Para mí, es personal. Me diagnosticaron TDAH por primera vez a la edad de 26 años cuando tuve mi primer trabajo, que irónicamente fue en una escuela secundaria privada dirigida por profesionales lo suficientemente sofisticados como para reconocer los síntomas. Una segunda, tercera y cuarta opinión más tarde, y me pusieron en una dieta que cambiaría la forma en que caminaba en el mundo y cambiaría mi narrativa sobre con quién crecí. Mira, yo era ese niño creativo que se preocupaba por todo pero respondía a la mayoría de las cosas preguntando, “¿Por qué? No comenzó como una pregunta beligerante, sino que finalmente se convirtió en una pregunta cuando, una y otra vez, me encontré con la misma respuesta rutinaria de profesores exhaustos: «Porque es. Justo. «

No voy a simplificar demasiado mi experiencia en la escuela primaria, secundaria y preparatoria culpando de todo a tener diferencias de aprendizaje / TDAH, pero les diré que comencé a prosperar en la escuela secundaria cuando las pruebas tomaron la forma de ensayos y yo estaba ya no se limita a encontrar una respuesta entre una lista corta de opciones de opción múltiple; cuando me permitieron disculparme en clase cada vez que necesitaba estirar las piernas (o el cerebro) y regresar 2 minutos después descansado y capaz de concentrarme; cuando las lecciones se volvieron interactivas y un lugar donde el debate era una señal bienvenida de inteligencia en lugar de un objetivo para el ridículo.

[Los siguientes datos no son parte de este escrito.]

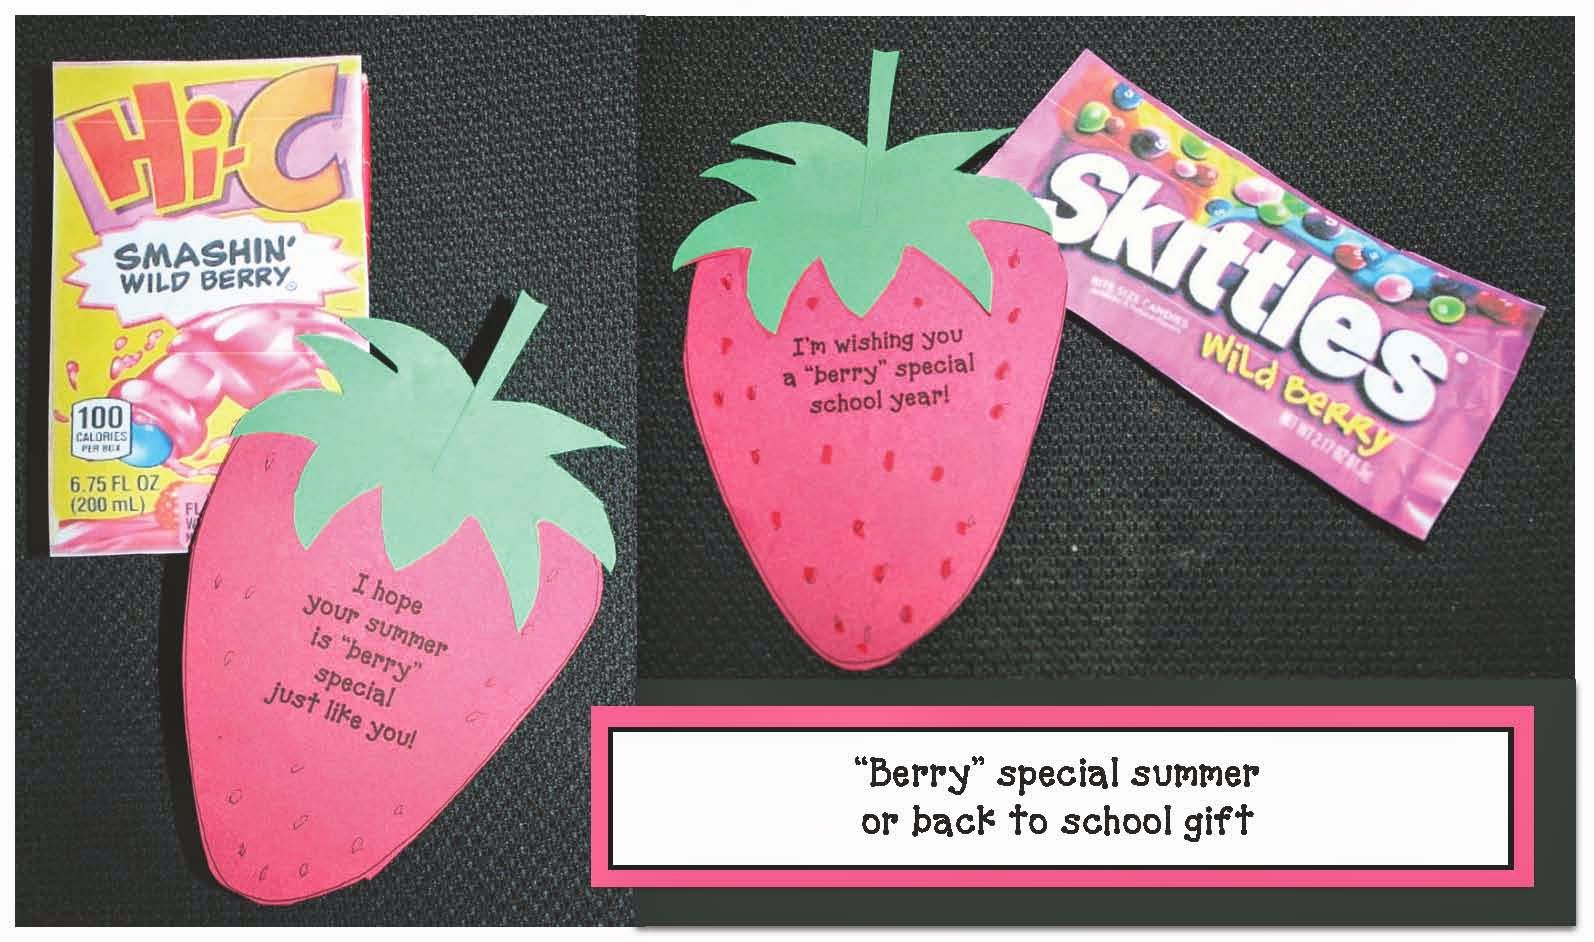 http://4.bp.blogspot.com/-eNGXK3loJFM/VT9mmnjRmLI/AAAAAAAAOHQ/4qmByxBFJH4/s1600/berry%2Bspecial%2Bcov.jpg

A veces me cuesta recordar que soy la misma persona que acaba de graduarse de la escuela secundaria; que necesitaba ir a la universidad comunitaria durante un año (sin crédito) para compensar la educación que no obtuve o dejé de absorber en la escuela secundaria. Sin lugar a dudas, yo era uno de los que tenía menos probabilidades de tener un buen desempeño en mi clase de graduación de la escuela secundaria. Y no puedo evitar preguntarme cómo habría sido mi vida si mi experiencia previa en la educación pública me hubiera complacido más.